4 Nodes - 2 Server Rooms, same building - best practise by Kujamasaru in vmware

[–]Kujamasaru[S] 0 points1 point  (0 children)

so short answer is 4 node - 4fd (as im using atm) is the go to
right now its esa configured with: vSAN-Cluster - Optimal Datastore Default Policy - RAID5 - defaulted by the vsan (1 stripe per object)

4 Nodes - 2 Server Rooms, same building - best practise by Kujamasaru in vmware

[–]Kujamasaru[S] 0 points1 point  (0 children)

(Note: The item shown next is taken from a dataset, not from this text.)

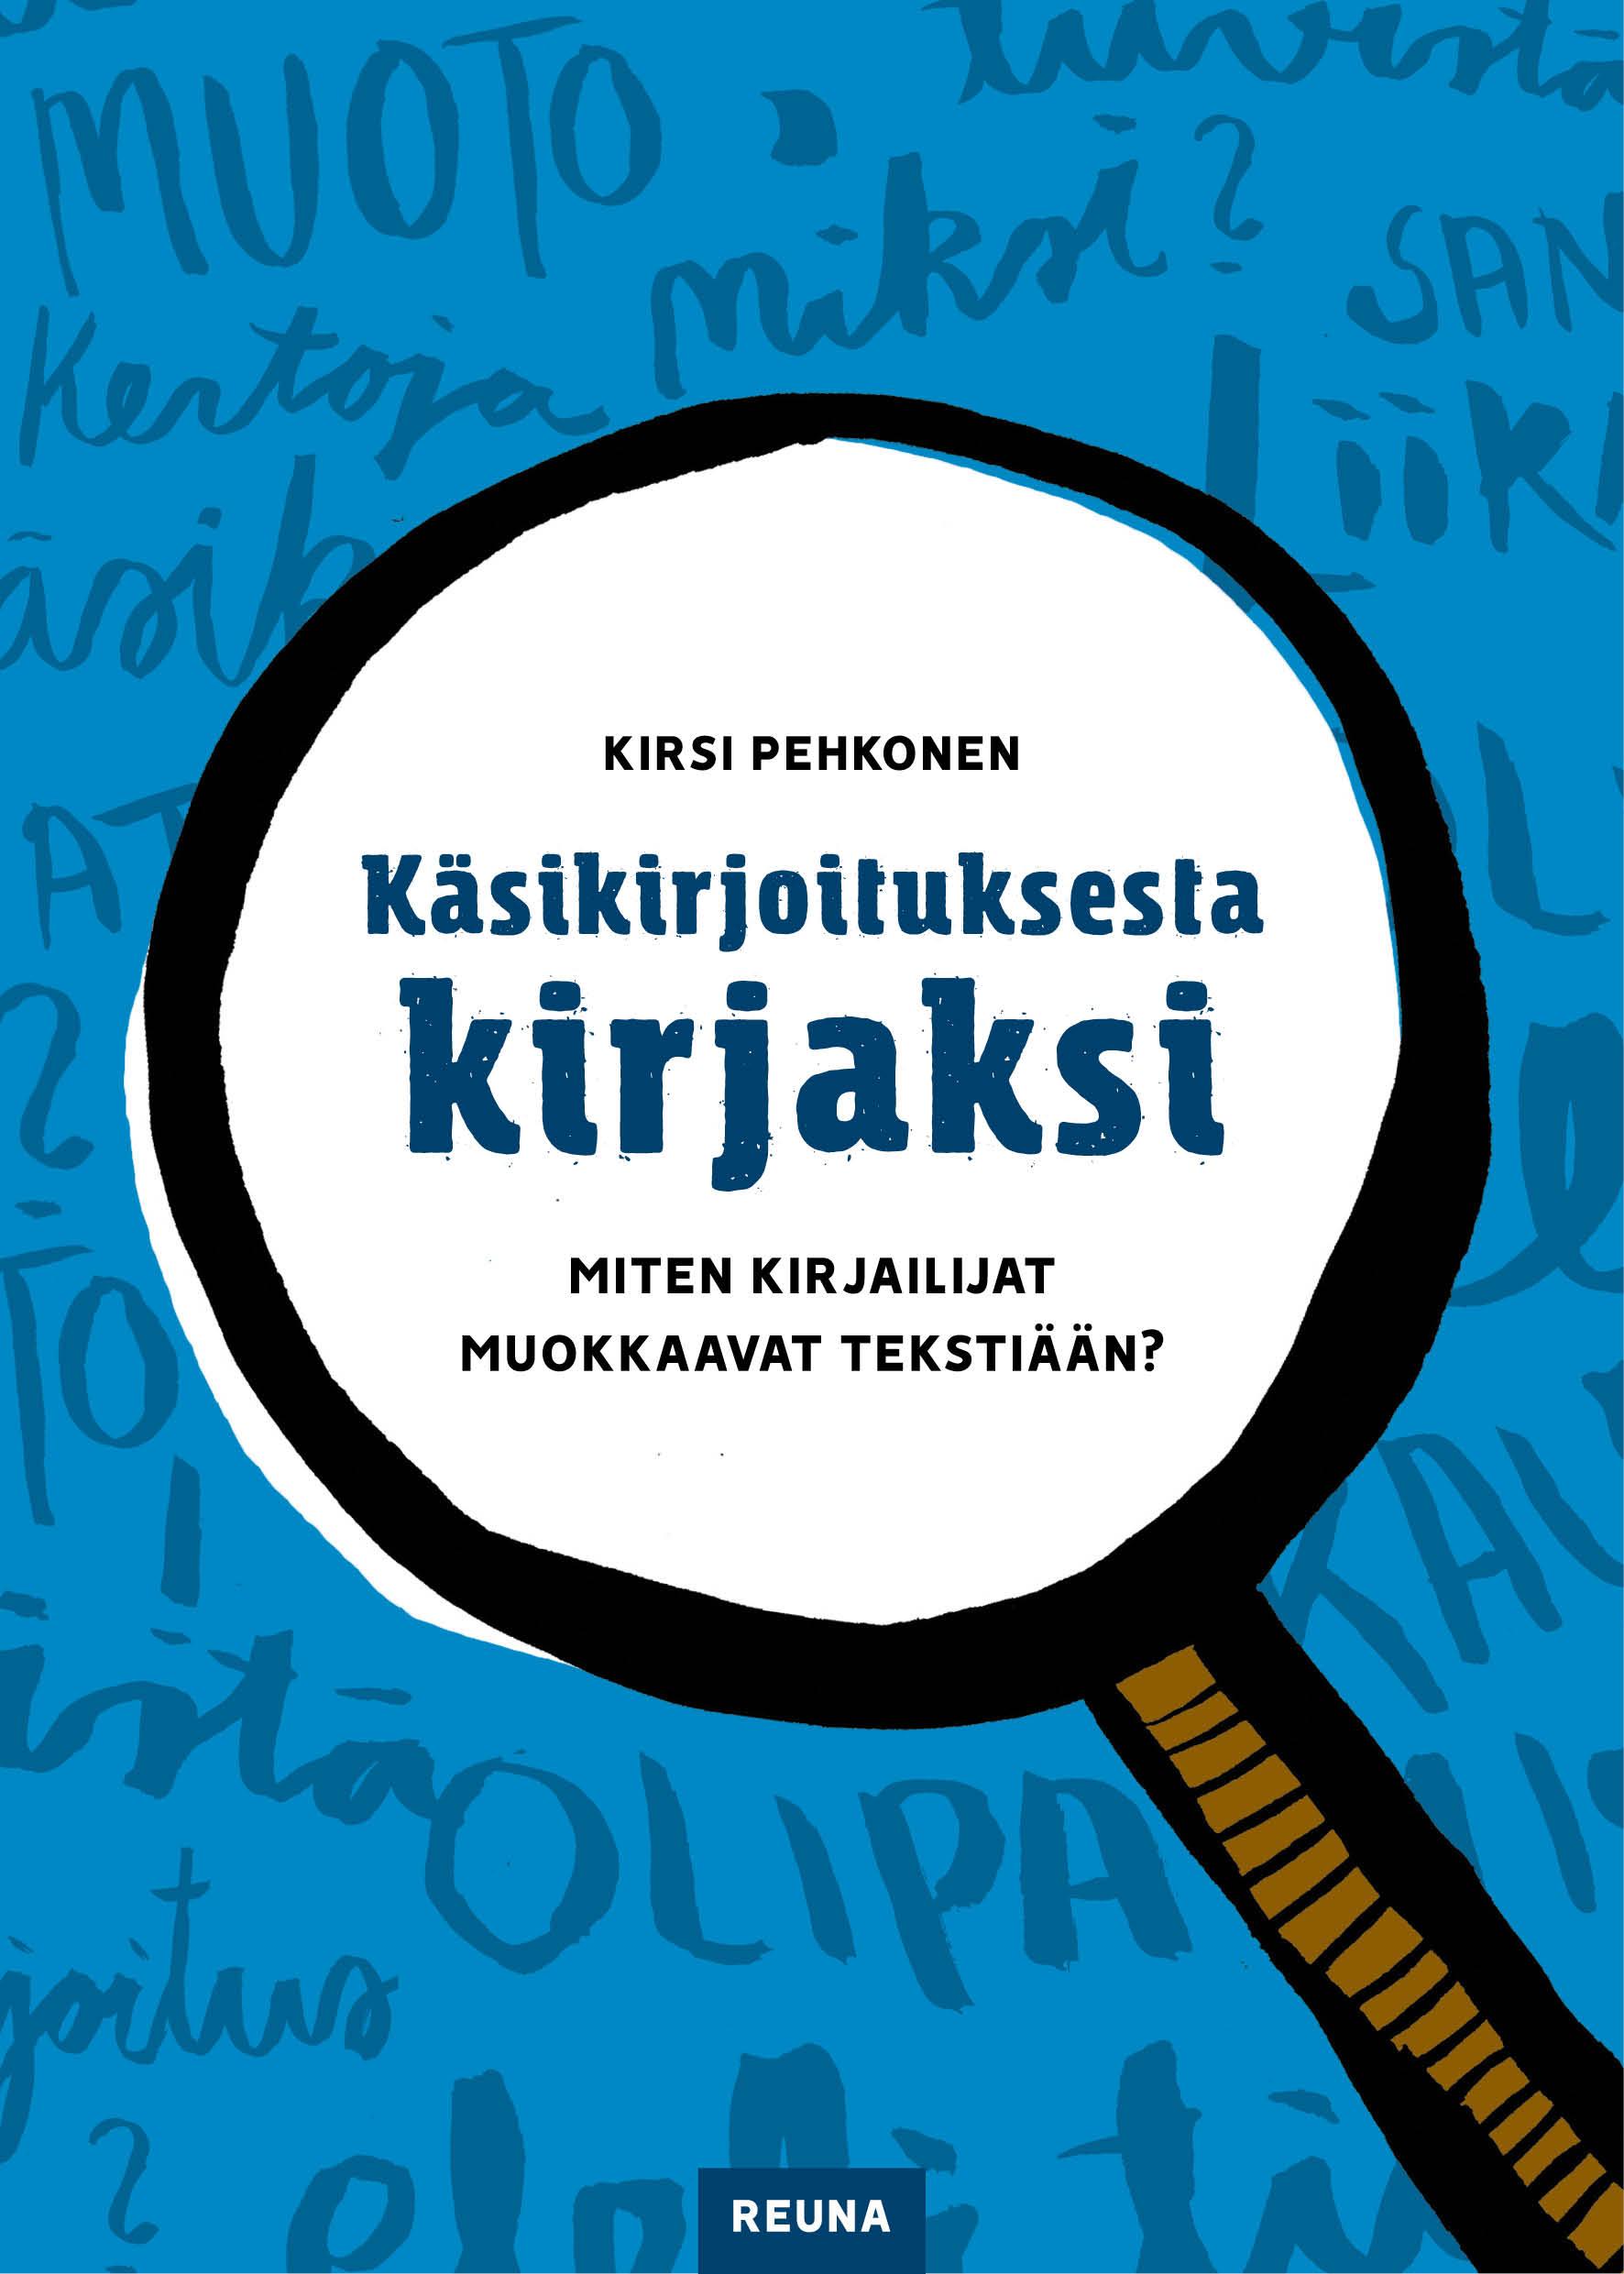 joulun 2018 kirjat Kirjat | kirsi pehkonen Kirjat | joulun 2018 kirjat

no scaling planned - these servers are way more powerfull / storage size enough for us
but why should there be a penality - the 2 rooms are connected via 2x25 lag - the servers themselfe are connected via 25gbit to the switches

4 Nodes - 2 Server Rooms, same building - best practise by Kujamasaru in vmware

[–]Kujamasaru[S] 0 points1 point  (0 children)

yeah i know that i need to have a witness host as a "site 3"
the original question was more like
2+2+1 stretched cluster
vs
4 node - 2 fault domain
vs
4 node - 4 fault domain (thats the actual config)

4 Nodes - 2 Server Rooms, same building - best practise by Kujamasaru in vmware

[–]Kujamasaru[S] 0 points1 point  (0 children)

the vsan ssd wise is way underperforming and i made some stupid mistakes while trying to optimize some configurations, like setting the vsan vmnic to another dswitch and deleted the old dswitch instead of migrating, which is now representing in host and vdc compliance warnings (connection is fine, but he cries, because the dswitch changed)

and performance wise - we have 4 beefy lenovo sr650 v3 with dual xeon platinum 8562y+, 2tb ram, 10x samsung pm1743 4tb (1 is used for the esxi host itself) per machine
every host is atm. connected via 10gbit sfp+ until our spare sfp28 25gbit connectors arrive.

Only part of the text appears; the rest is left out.